■ Collected material ■
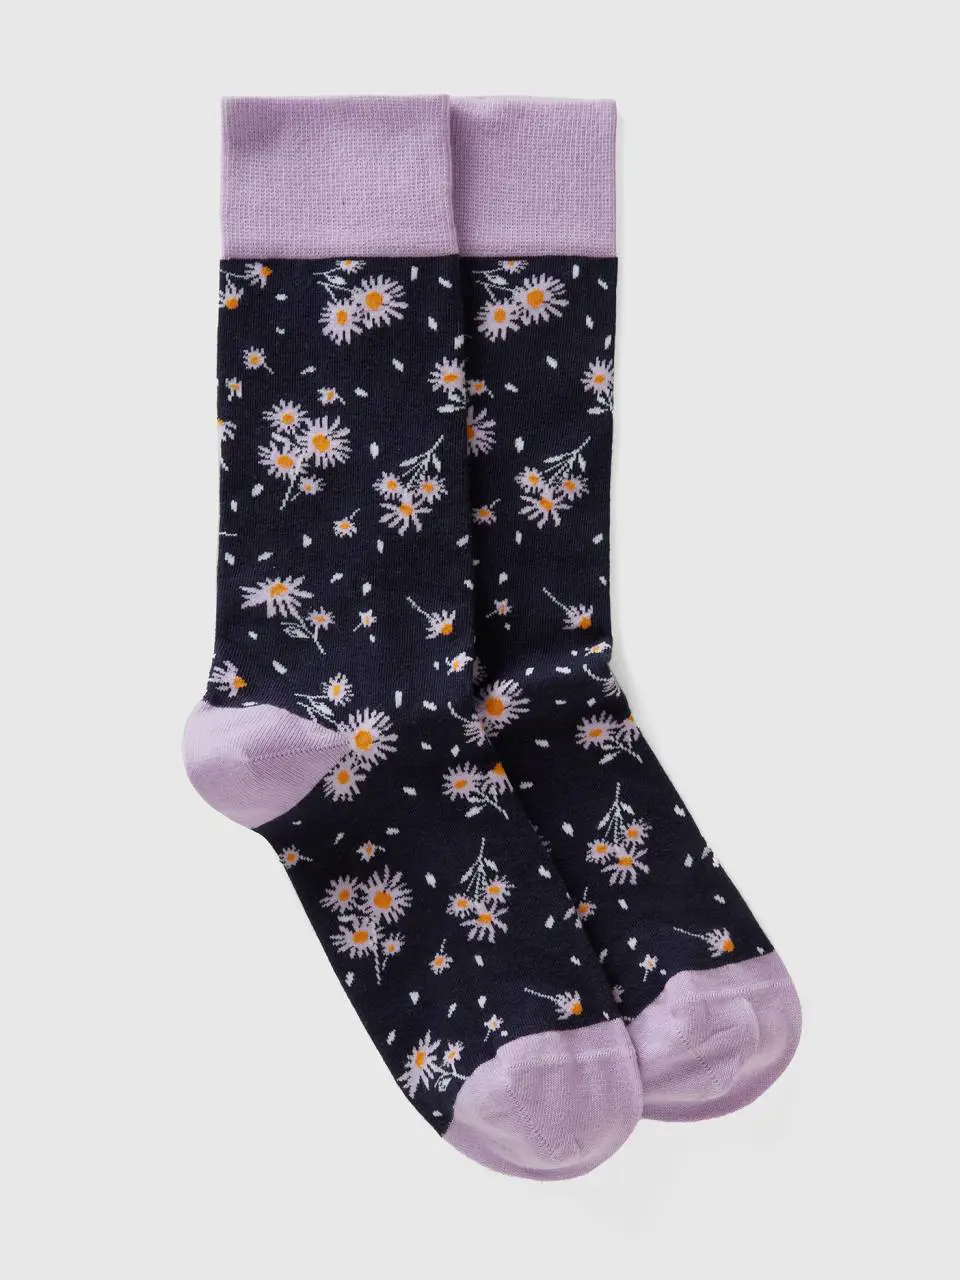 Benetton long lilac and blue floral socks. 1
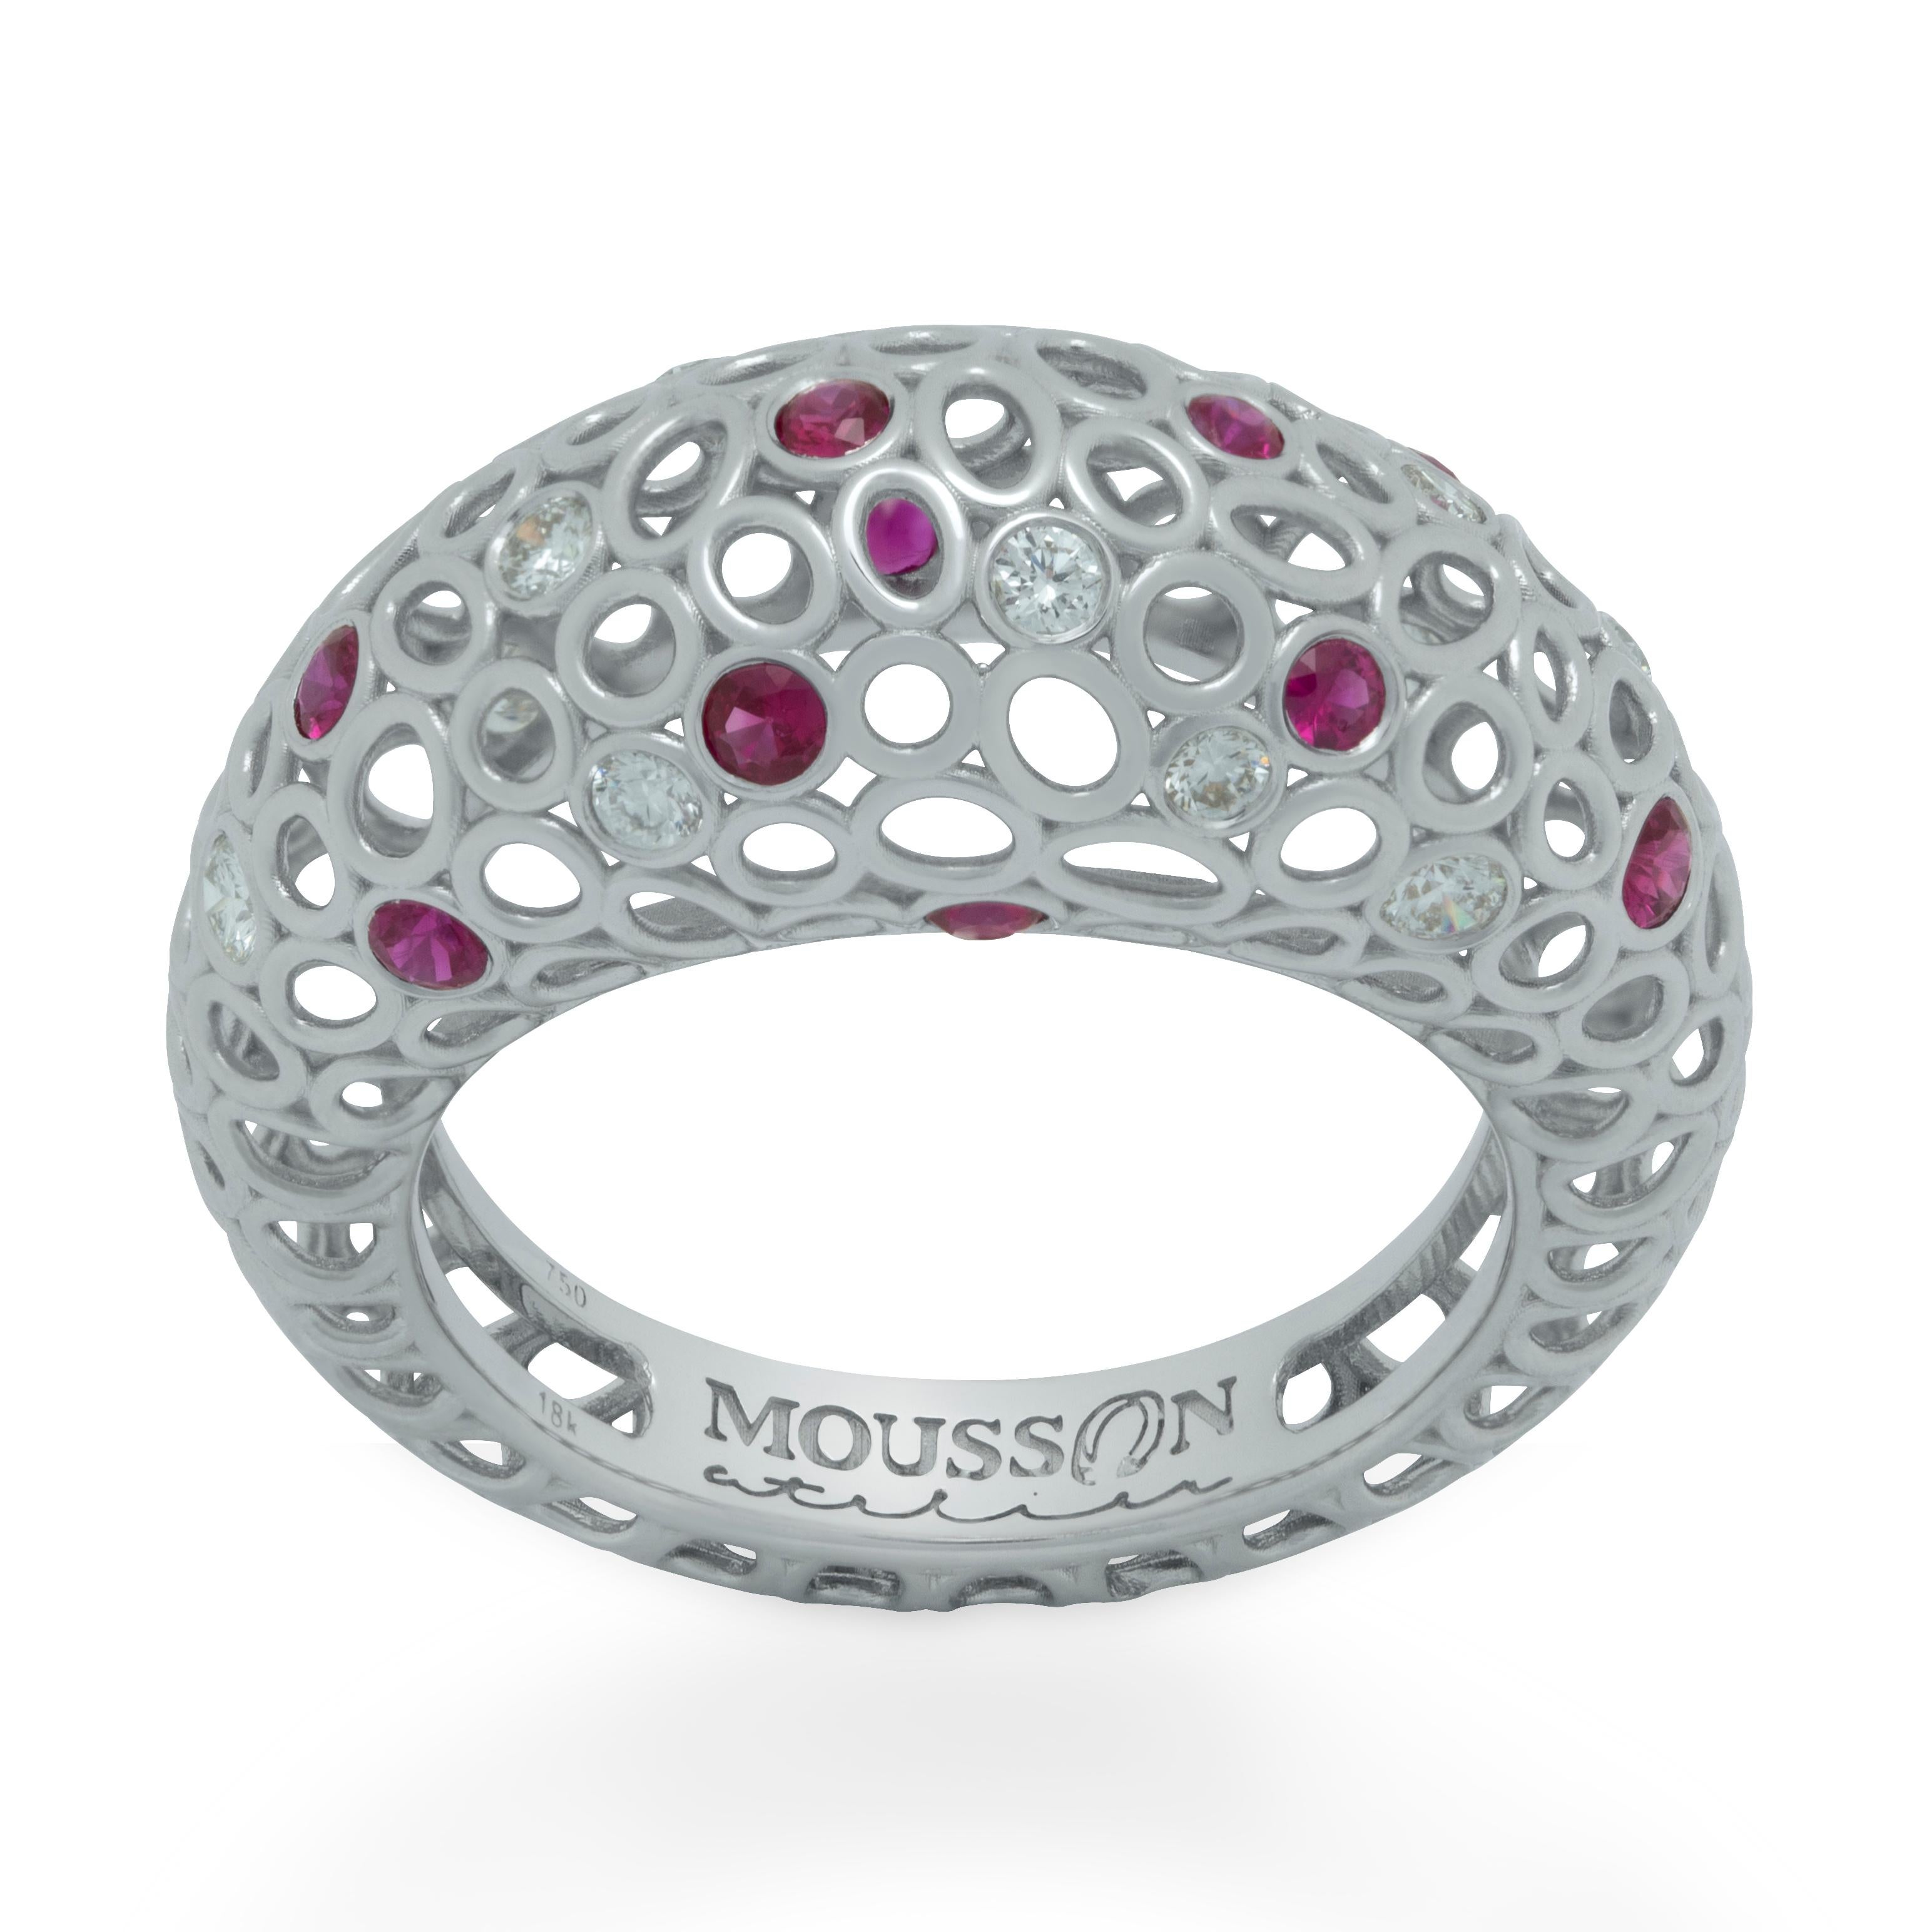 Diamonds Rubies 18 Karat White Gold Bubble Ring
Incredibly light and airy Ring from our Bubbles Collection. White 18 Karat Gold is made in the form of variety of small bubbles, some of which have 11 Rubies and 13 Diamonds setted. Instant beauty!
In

■ What the exercise asks ■
Hand back the data above exactly, leaving out all pictures.

■ Result of this exercise ■
 Benetton long lilac and blue floral socks. 1
 Diamonds Rubies 18 Karat White Gold Bubble Ring
Incredibly light and airy Ring from our Bubbles Collection. White 18 Karat Gold is made in the form of variety of small bubbles, some of which have 11 Rubies and 13 Diamonds setted. Instant beauty!
In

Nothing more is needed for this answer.